A Closer Look At The Dollar Index

One of the main drivers of currency performance is the monetary policy that central banks adopt. This is no different for the US Dollar and the FED. After two years riddled with volatility caused by a pandemic, The central bank is integrating a more hawkish tone to fend off increasing inflations and improving employment data.
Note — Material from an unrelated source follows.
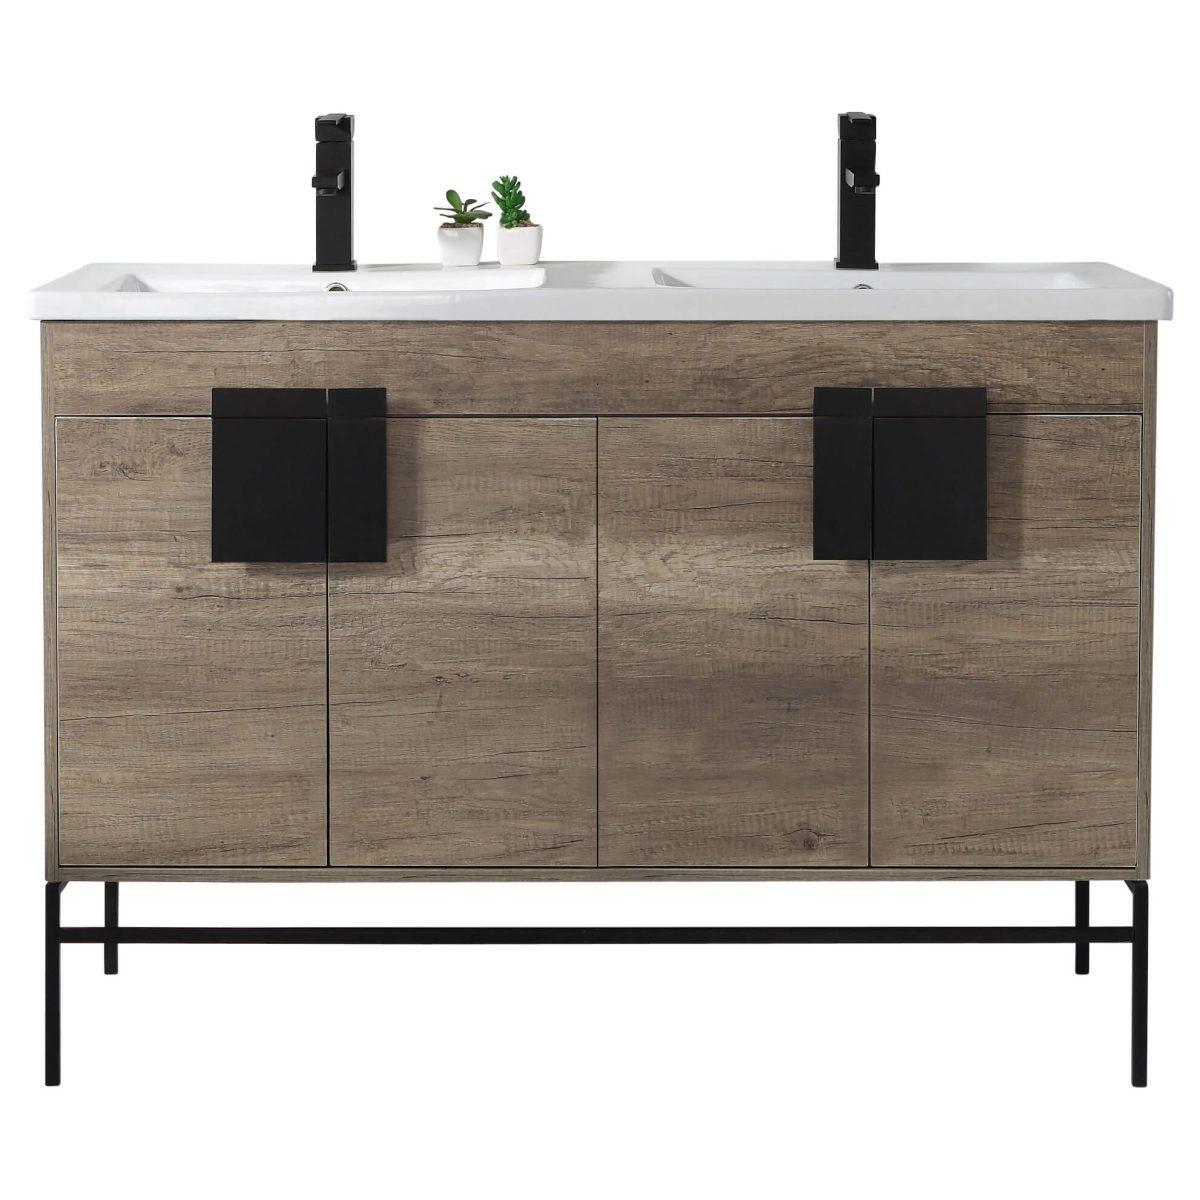 "Shawbridge 48"" Modern Double Bathroom Vanity  Shadow Gray with Black Hardware"
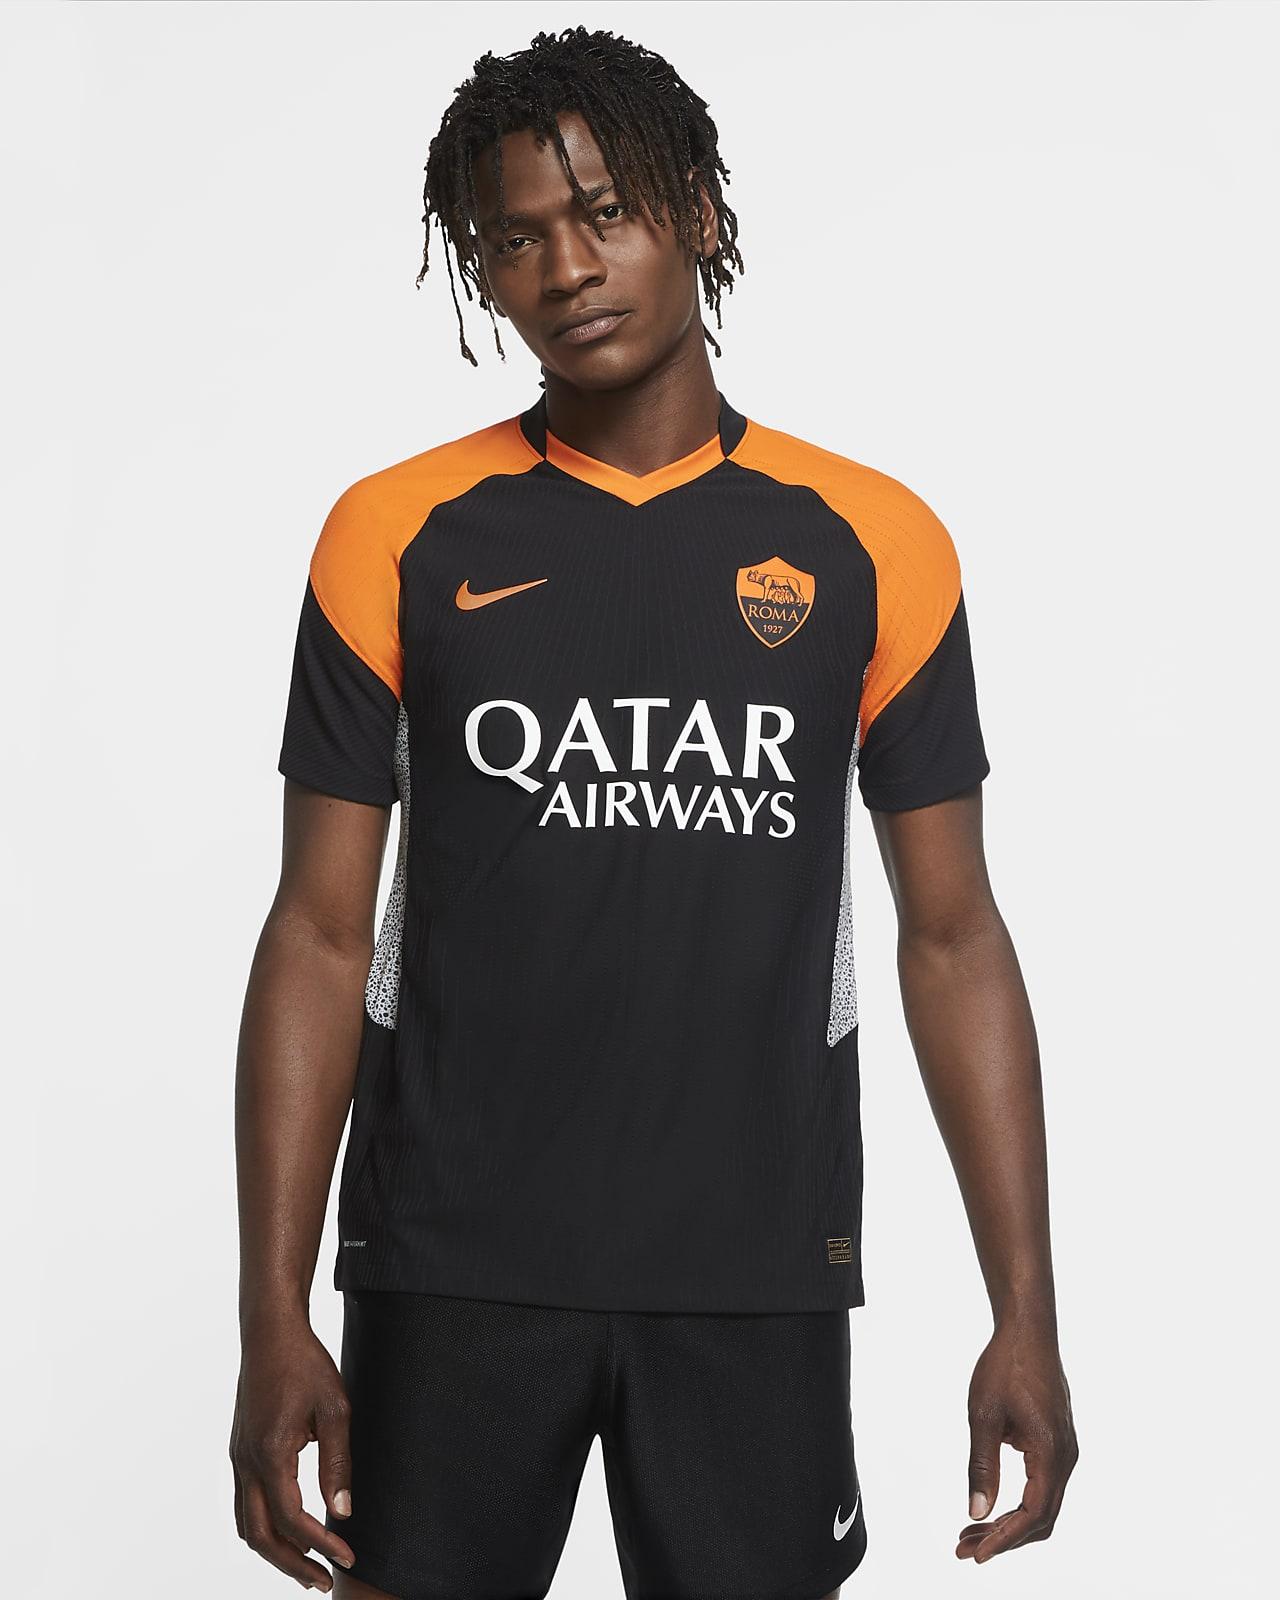 A.S. Roma 2020/21 Vapor Match Third-fodboldtrøje til mænd

That same hawkish stance translates to a slow tapering of asset purchases and an eventual hike in interest rates. While these things are long-term, the prospects of higher rates will immediately begin to make the Dollar seem attractive versus other currencies, especially those with zero or negative rates. The differential, especially as it widens, could bring back carry trading or the idea of holding currency pairs that yield a net positive interest.


The Dollar Index (Figure 1) dipped below 90.00 in early 2021 and then approached the same area around May-June before turning higher. According to analysts, the 89.00 zones are acting as support and now that it’s holding, higher prices could be expected. Traders are seeing resistance between 93.50 and 94.50 and will expect supply to come in around those prices.


Figure 1 – Daily Dollar Index Chart


The consensus from traders believes that the US Dollar needs to break one way or another before a meaningful trend forms and with higher rates on the horizon, the odds are towards the upside. A higher Dollar could see a lower Euro and British Pound and that could affect economic and trade conditions between the countries.


While this is one scenario, any changes in the stance of the FED or other related central banks such as the BOE or the ECB could mean different outcomes. According to analysts, the ECB is also hinting at a more hawkish stance with tapering in the near term. All of this could end up creating a balance yet one of them will emerge as a winner in terms of the interest rate race.